(Information shown)
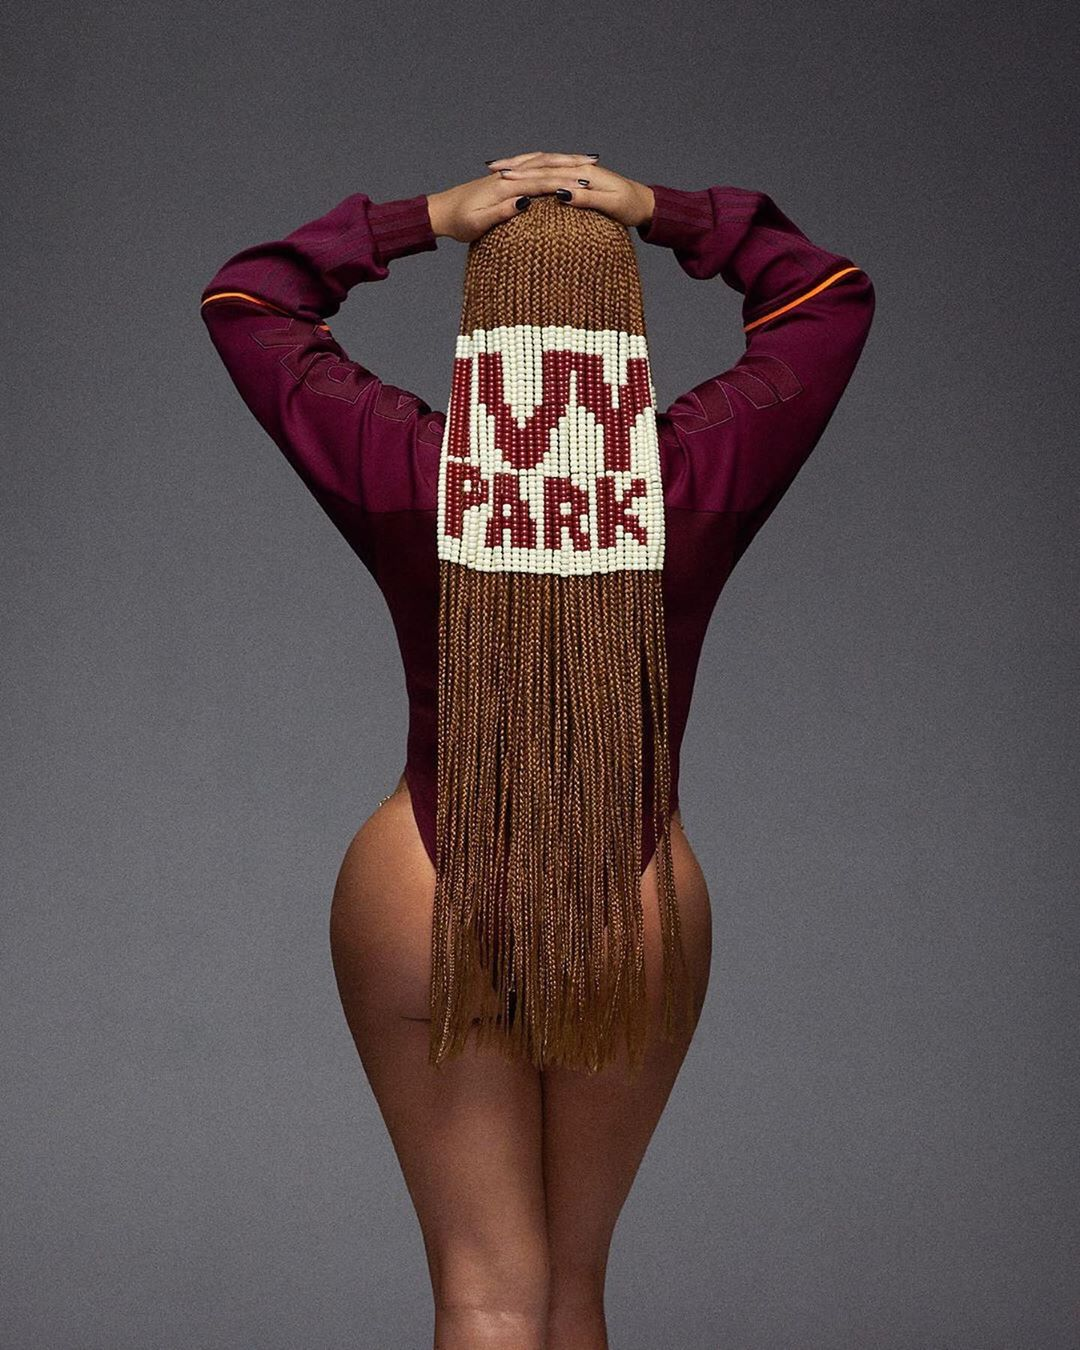 Ivy Park x Adidas - Neomag.
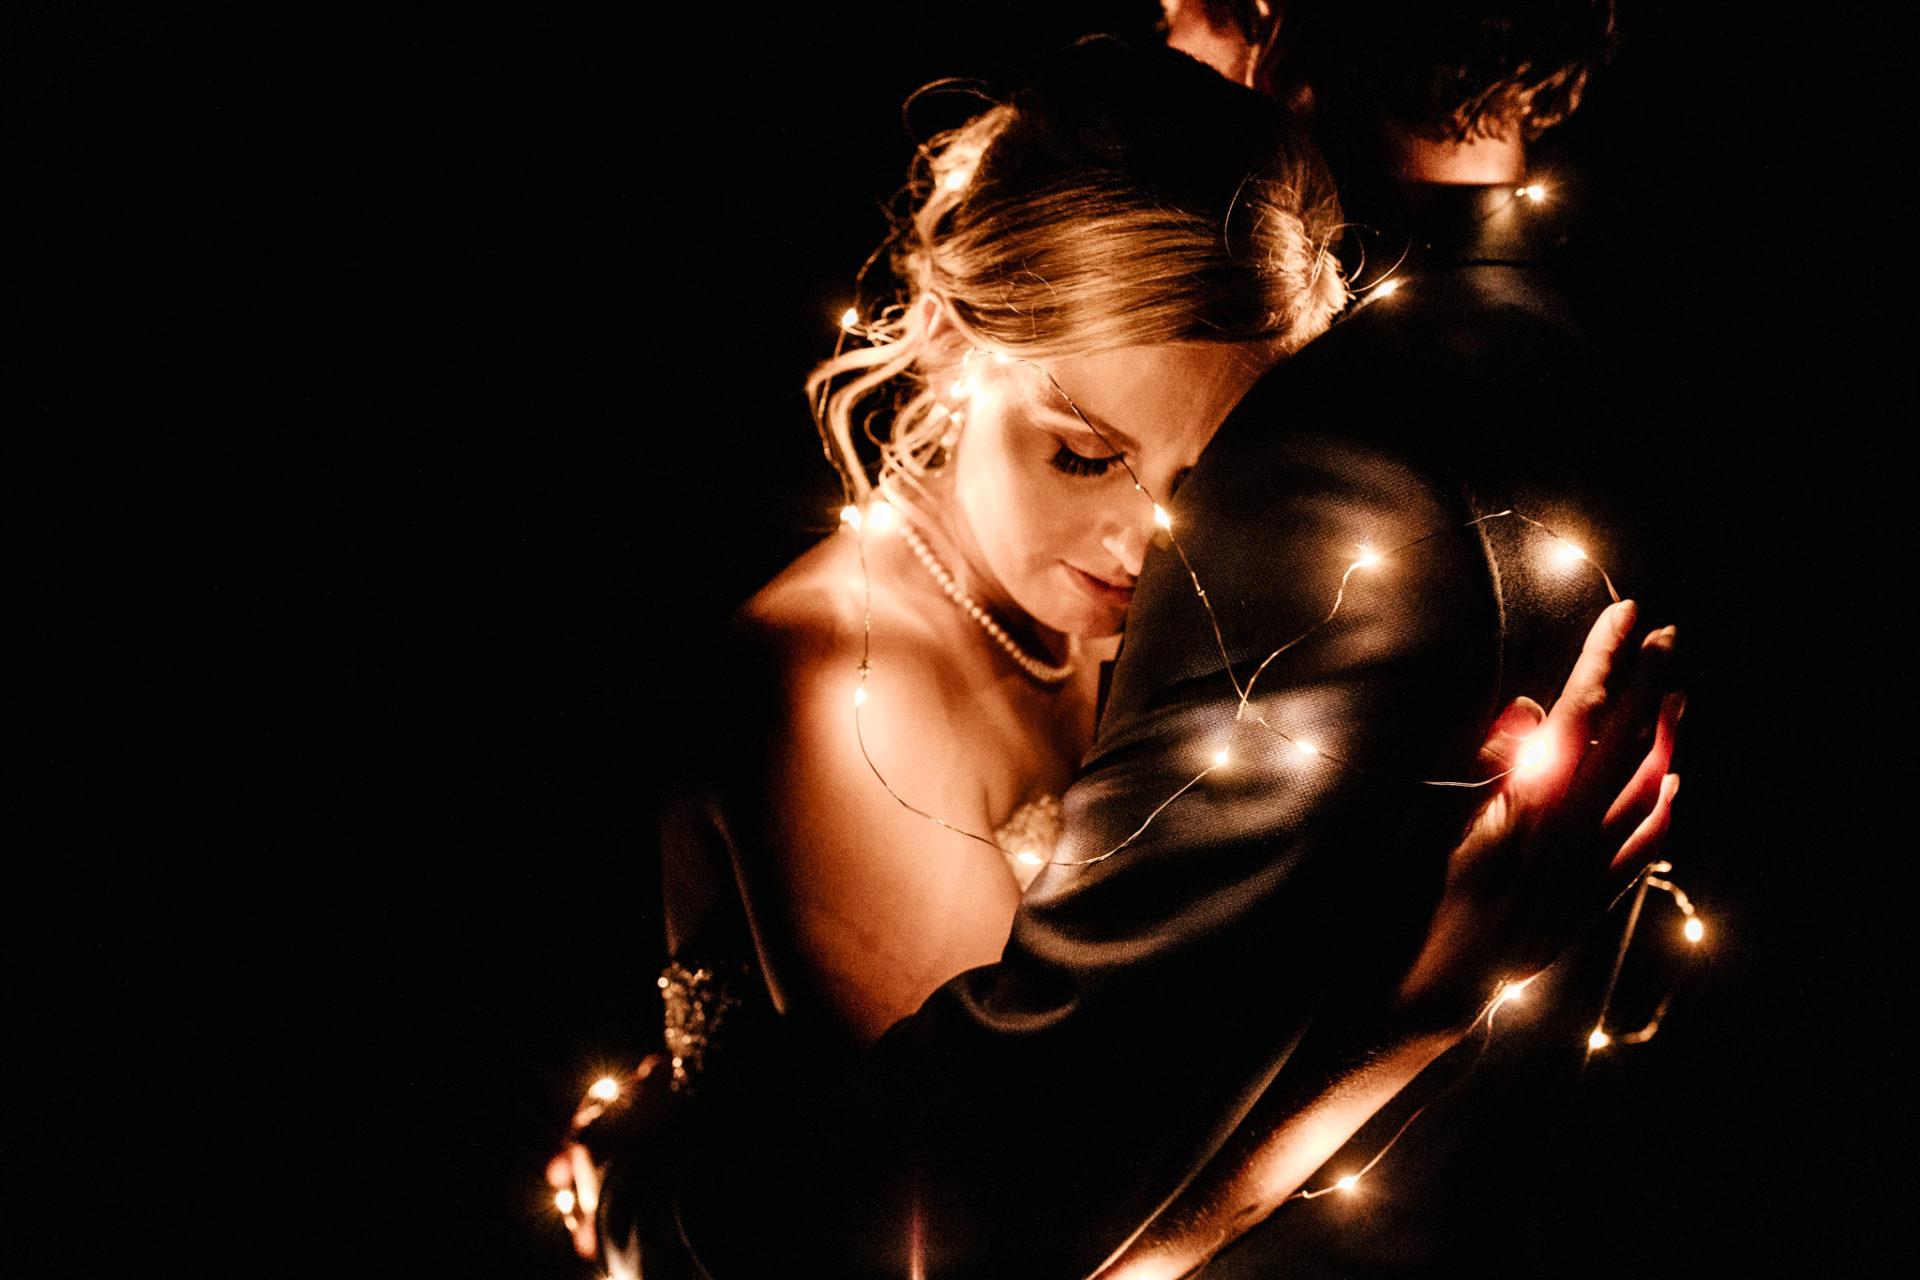 backyard-wedding-australia-melbourne-bride-night-portrait-bride-and-groom-with-fairy-lights
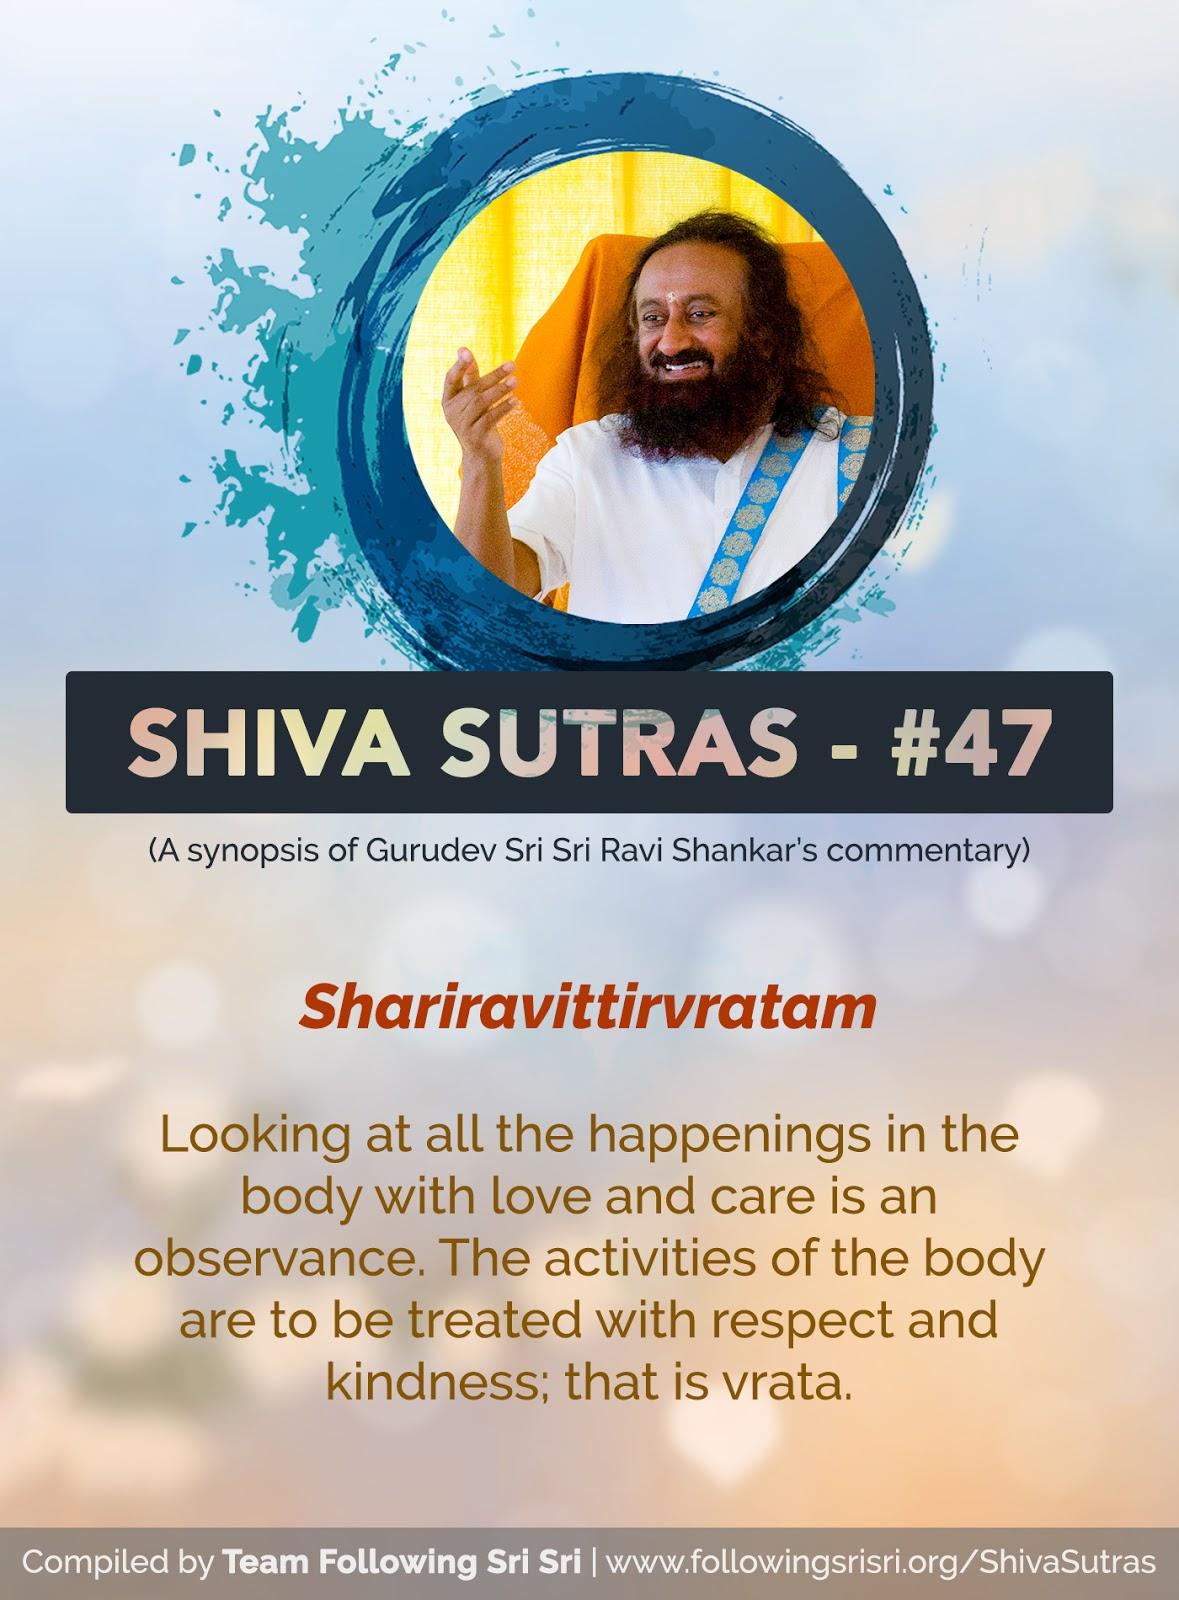 Shiva Sutras - Sutra 47
(End Information shown)
=== Task requirements ===
The material shown above is to be repeated verbatim, and its pictures are to be omitted.

=== Completed exercise ===
 Ivy Park x Adidas - Neomag.
 backyard-wedding-australia-melbourne-bride-night-portrait-bride-and-groom-with-fairy-lights
 Shiva Sutras - Sutra 47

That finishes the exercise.